With access to a bare metal machine with 8x AMD MI300X GPUs from Hot Aisle, we decided to skip smaller models and went
with Llama 3.1 405B. To make the benchmark interesting, we tested how inference performance varied across different
backends (vLLM and TGI) and use cases (real-time vs batch inference, different context sizes, etc.).

## Benchmark setup

Here is the spec of the bare metal machine we got:

- Intel® Xeon® Platinum 8470 2G, 52C/104T, 16GT/s, 105M Cache, Turbo, HT (350W) [x2]
- AMD MI300X GPU OAM 192GB 750W GPUs [x8]
- 64GB RDIMM, 4800MT/s Dual Rank [x32]

??? info "Set up an SSH fleet"

Hot Aisle provided us with SSH access to the machine. To make it accessible via `dstack`,
we created an [SSH fleet](../../docs/concepts/fleets.md#ssh-fleets) using the following configuration:

<div editor-title="hotaisle.dstack.yml">

```yaml
type: fleet
name: hotaisle-fleet

placement: any

ssh_config:
user: hotaisle
identity_file: ~/.ssh/hotaisle_id_rsa

hosts:
- hostname: ssh.hotaisle.cloud
port: 22013
```

</div>

After running `dstack apply -f hotaisle.dstack.yml`, we were ready to run dev environments, tasks, and services on
this fleet via `datack`.

??? info "vLLM"

```
PyTorch version: 2.4.1+rocm6.1
Is debug build: False
CUDA used to build PyTorch: N/A
ROCM used to build PyTorch: 6.1.40091-a8dbc0c19

OS: Ubuntu 22.04.4 LTS (x86_64)
GCC version: (Ubuntu 11.4.0-1ubuntu1~22.04) 11.4.0
Clang version: 17.0.0 (https://github.com/RadeonOpenCompute/llvm-project roc-6.1.0 24103 7db7f5e49612030319346f900c08f474b1f9023a)
CMake version: version 3.26.4
Libc version: glibc-2.35

Python version: 3.10.14 (main, Mar 21 2024, 16:24:04) [GCC 11.2.0] (64-bit runtime)
Python platform: Linux-6.8.0-45-generic-x86_64-with-glibc2.35
Is CUDA available: True
CUDA runtime version: Could not collect
CUDA_MODULE_LOADING set to: LAZY
GPU models and configuration: AMD Instinct MI300X (gfx942:sramecc+:xnack-)
Nvidia driver version: Could not collect
cuDNN version: Could not collect
HIP runtime version: 6.1.40093
MIOpen runtime version: 3.1.0
Is XNNPACK available: True

Versions of relevant libraries:
[pip3] mypy==1.4.1
[pip3] mypy-extensions==1.0.0
[pip3] numpy==1.26.4
[pip3] pytorch-triton-rocm==3.0.0
[pip3] pyzmq==24.0.1
[pip3] torch==2.4.1+rocm6.1
[pip3] torchaudio==2.4.1+rocm6.1
[pip3] torchvision==0.16.1+fdea156
[pip3] transformers==4.45.1
[pip3] triton==3.0.0
[conda] No relevant packages
ROCM Version: 6.1.40091-a8dbc0c19
Neuron SDK Version: N/A
vLLM Version: 0.6.3.dev116+g151ef4ef
vLLM Build Flags:
CUDA Archs: Not Set; ROCm: Disabled; Neuron: Disabled
```

??? info "TGI"
The `ghcr.io/huggingface/text-generation-inference:sha-11d7af7-rocm` Docker image was used.

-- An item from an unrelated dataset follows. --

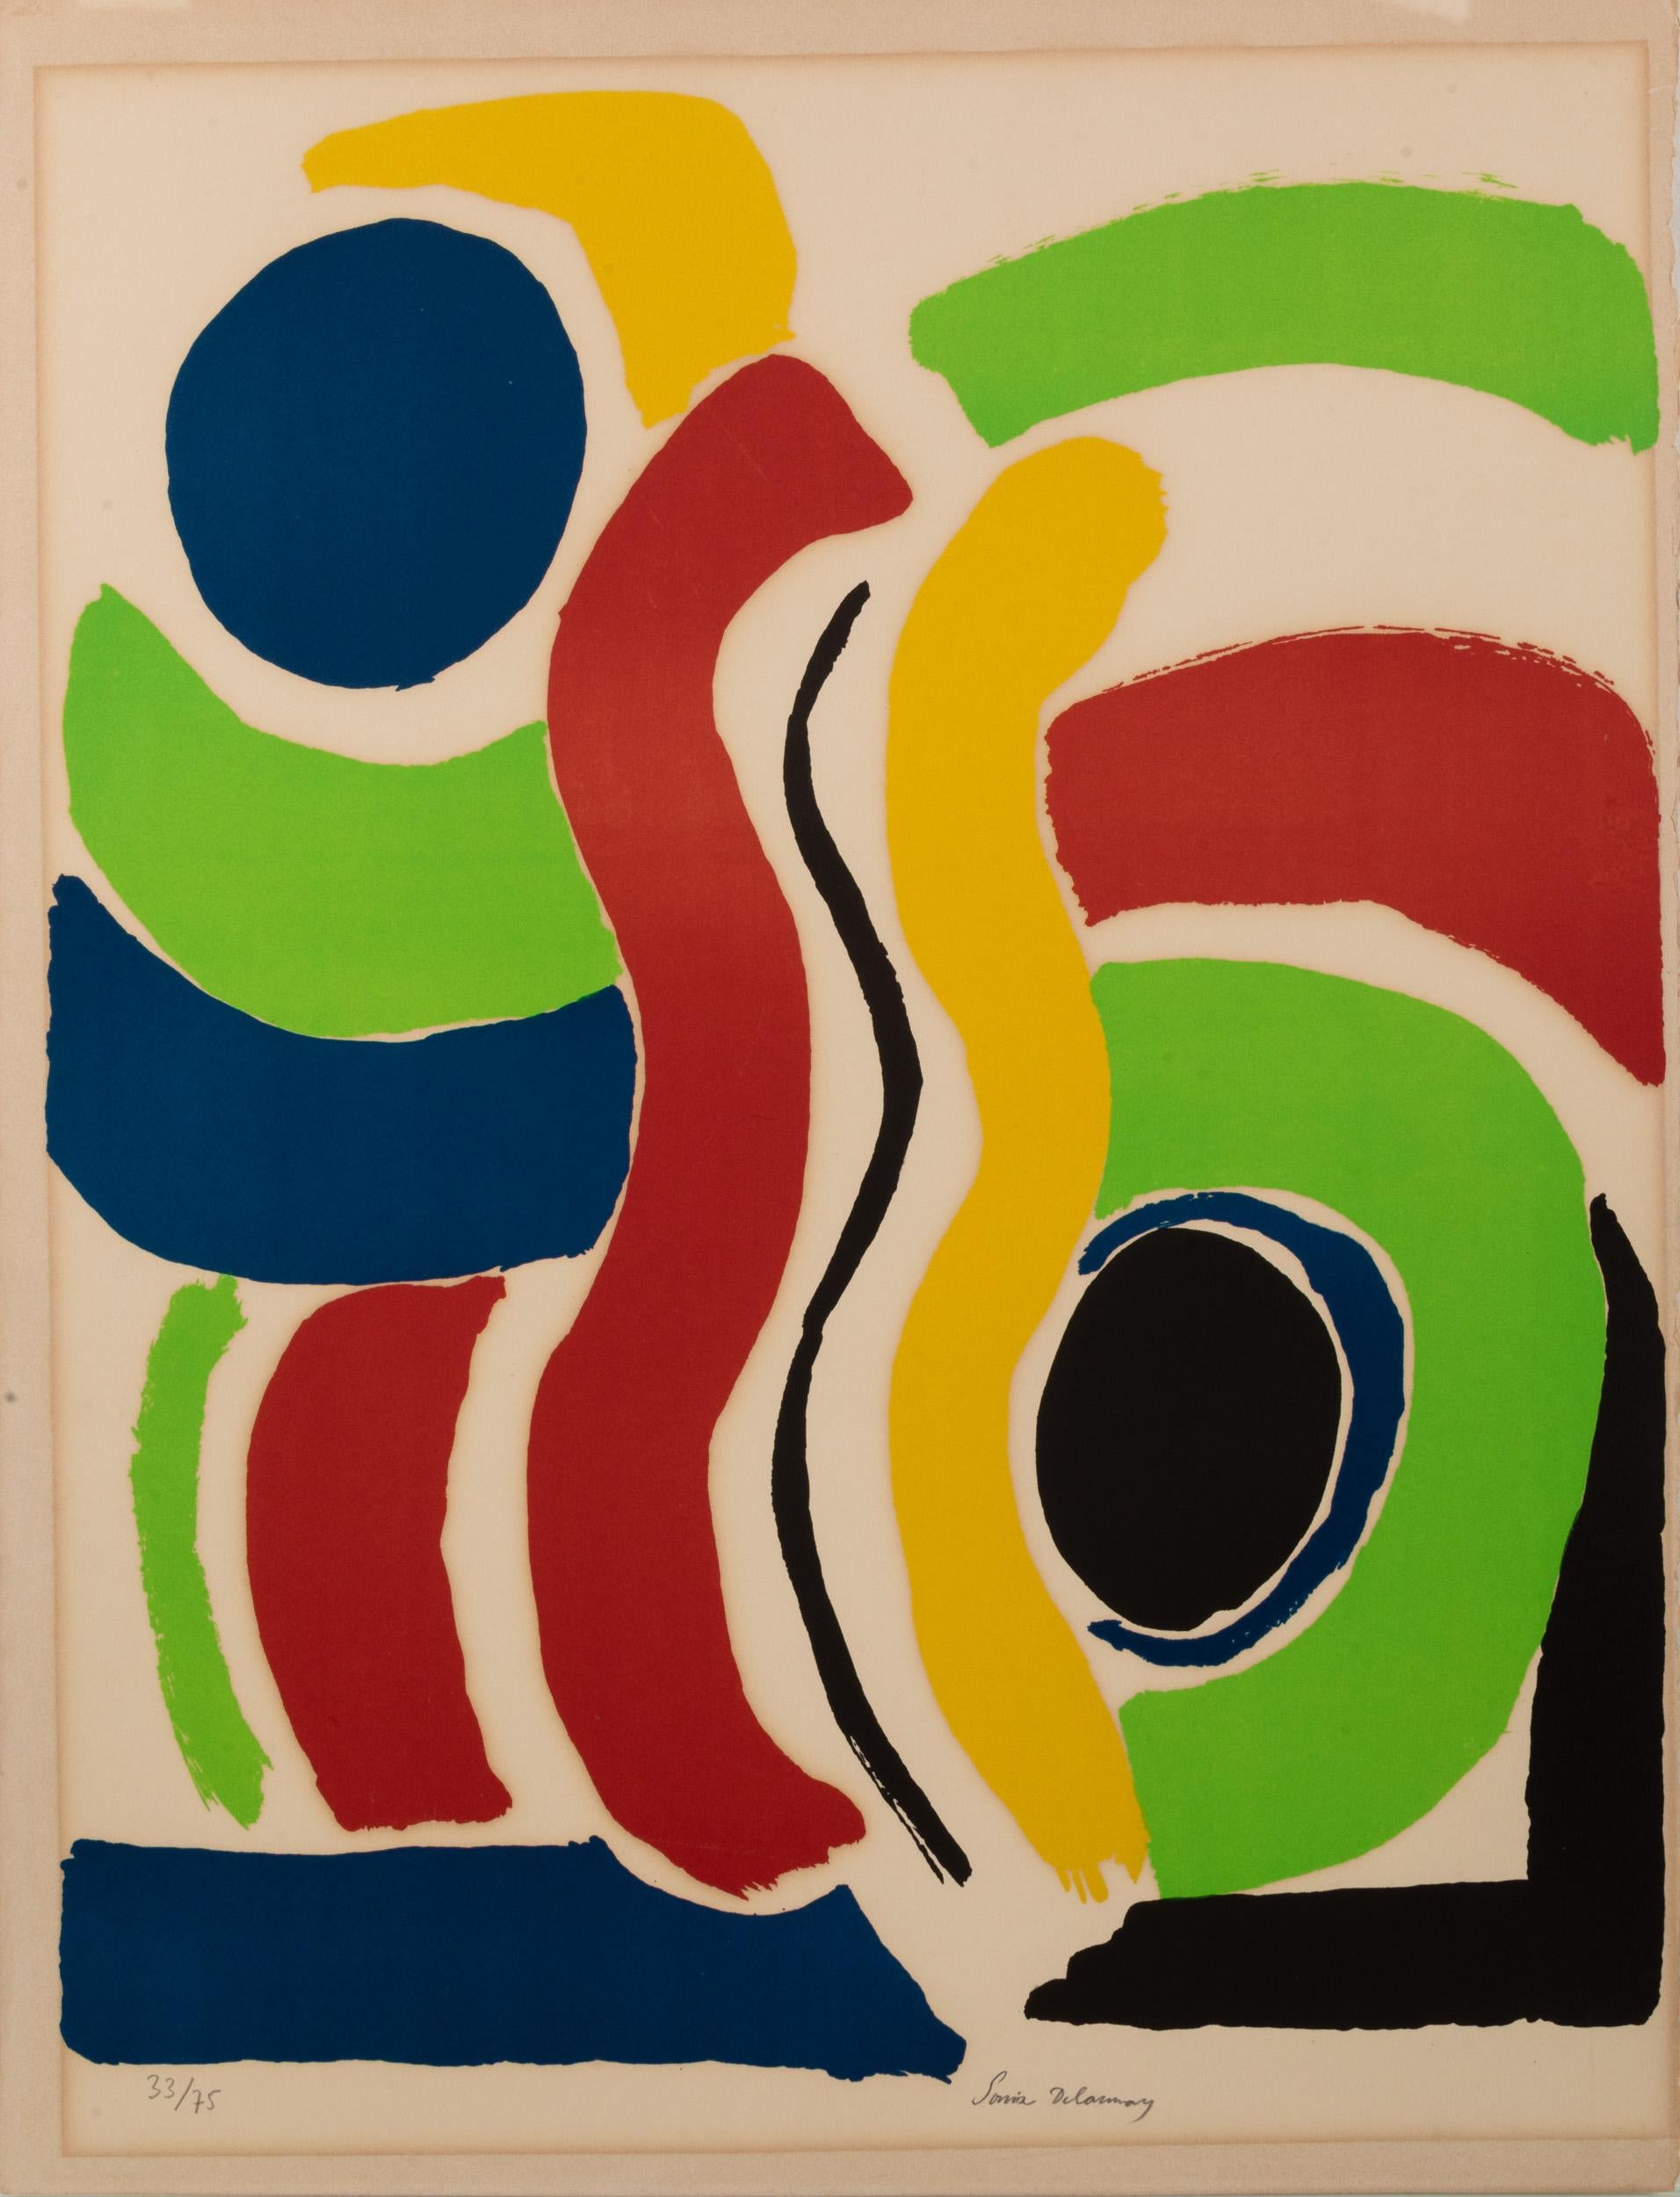 Jeux d'enfants, 1972, Litografia, Cubismo orfico, Orfismo, Colore  - Print by Sonia Delaunay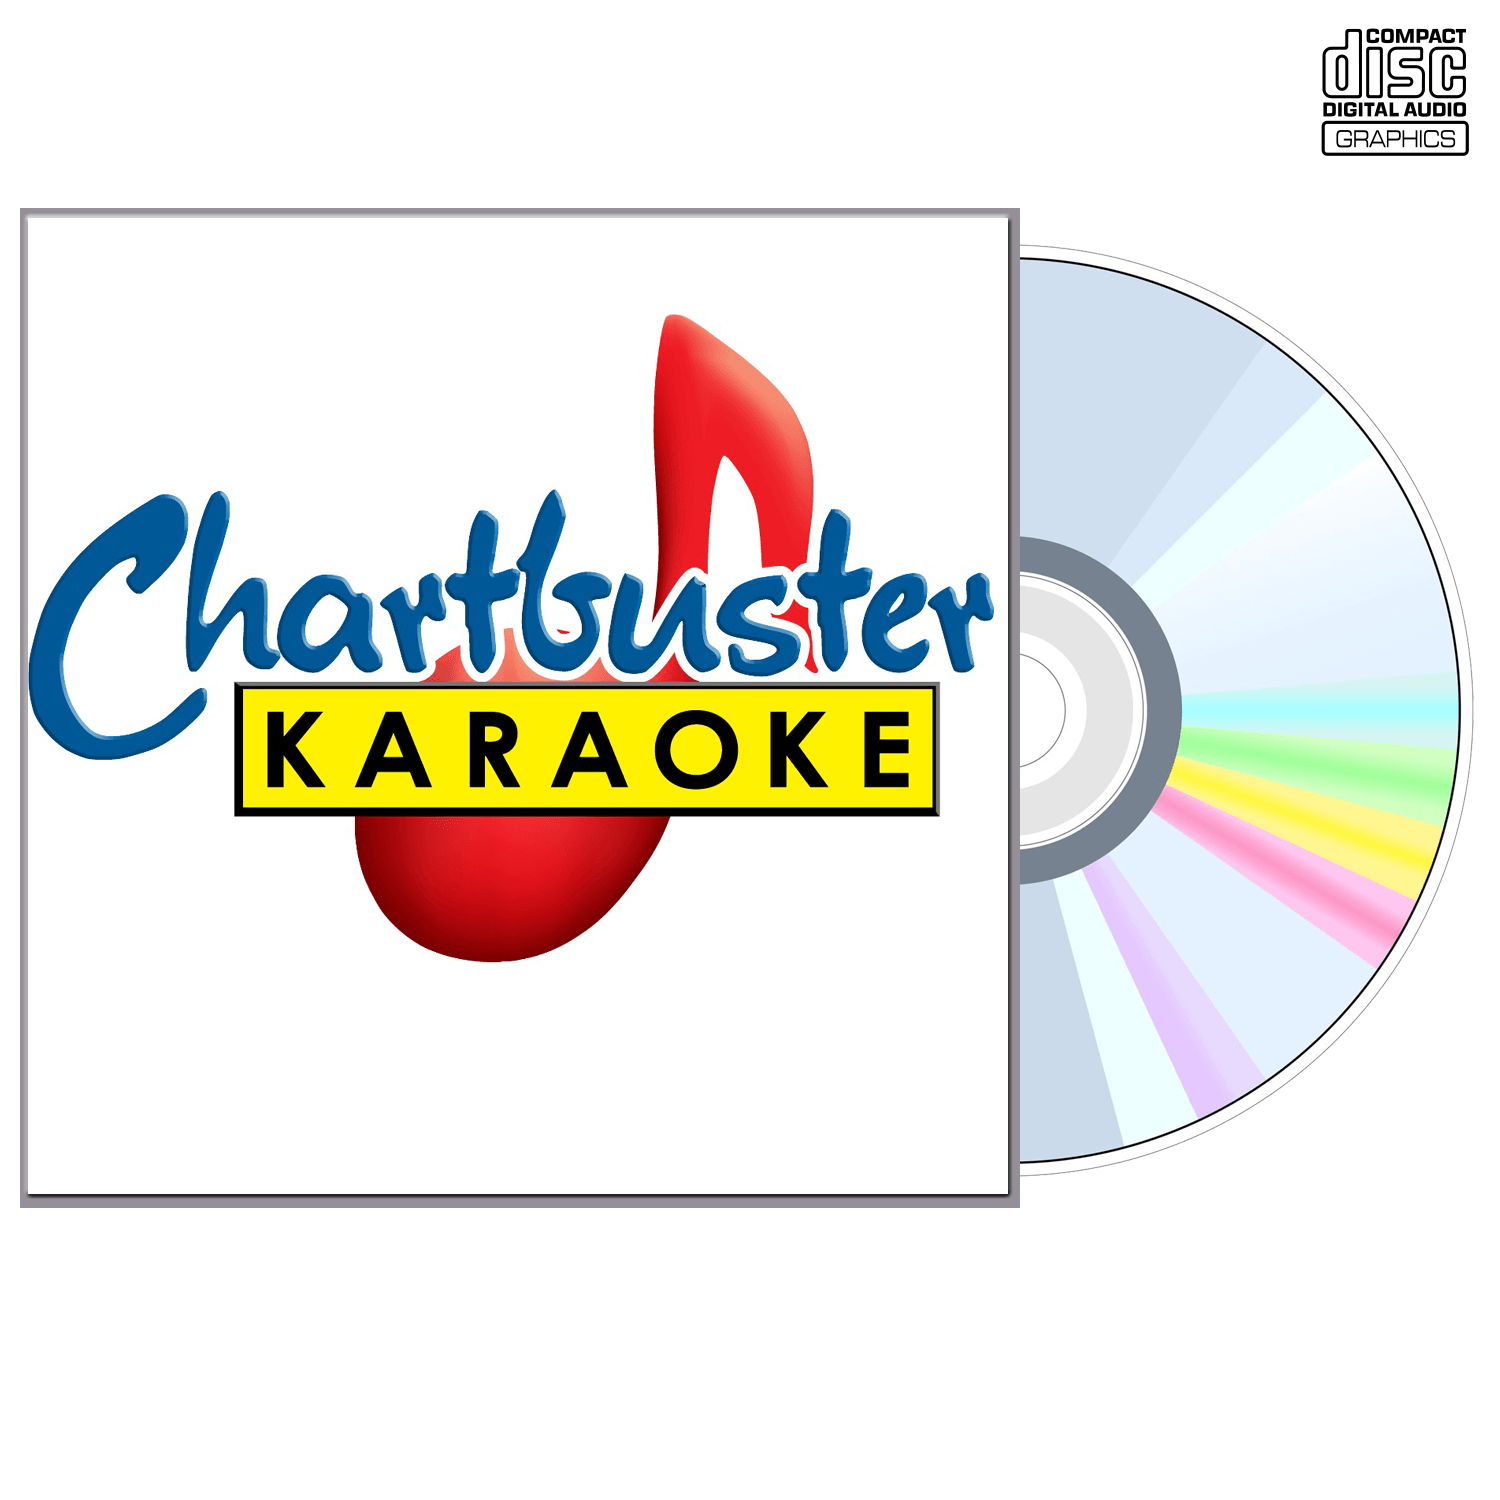 Country Mix Vol 14 - CD+G - Chartbuster Karaoke - Karaoke Home Entertainment

For conducting the tests, we've been using the [`benchmark_serving` :material-arrow-top-right-thin:{ .external }](https://github.com/vllm-project/vllm/blob/main/benchmarks/benchmark_serving.py){:target="_blank"} provided by vLLM.

## Observations

### Token/sec per batch size

TGI consistently exceeds vLLM in token throughput across all batch sizes, with the performance difference growing larger
as the batch size increases. For batch sizes exceeding 64, the performance disparity becomes quite notable.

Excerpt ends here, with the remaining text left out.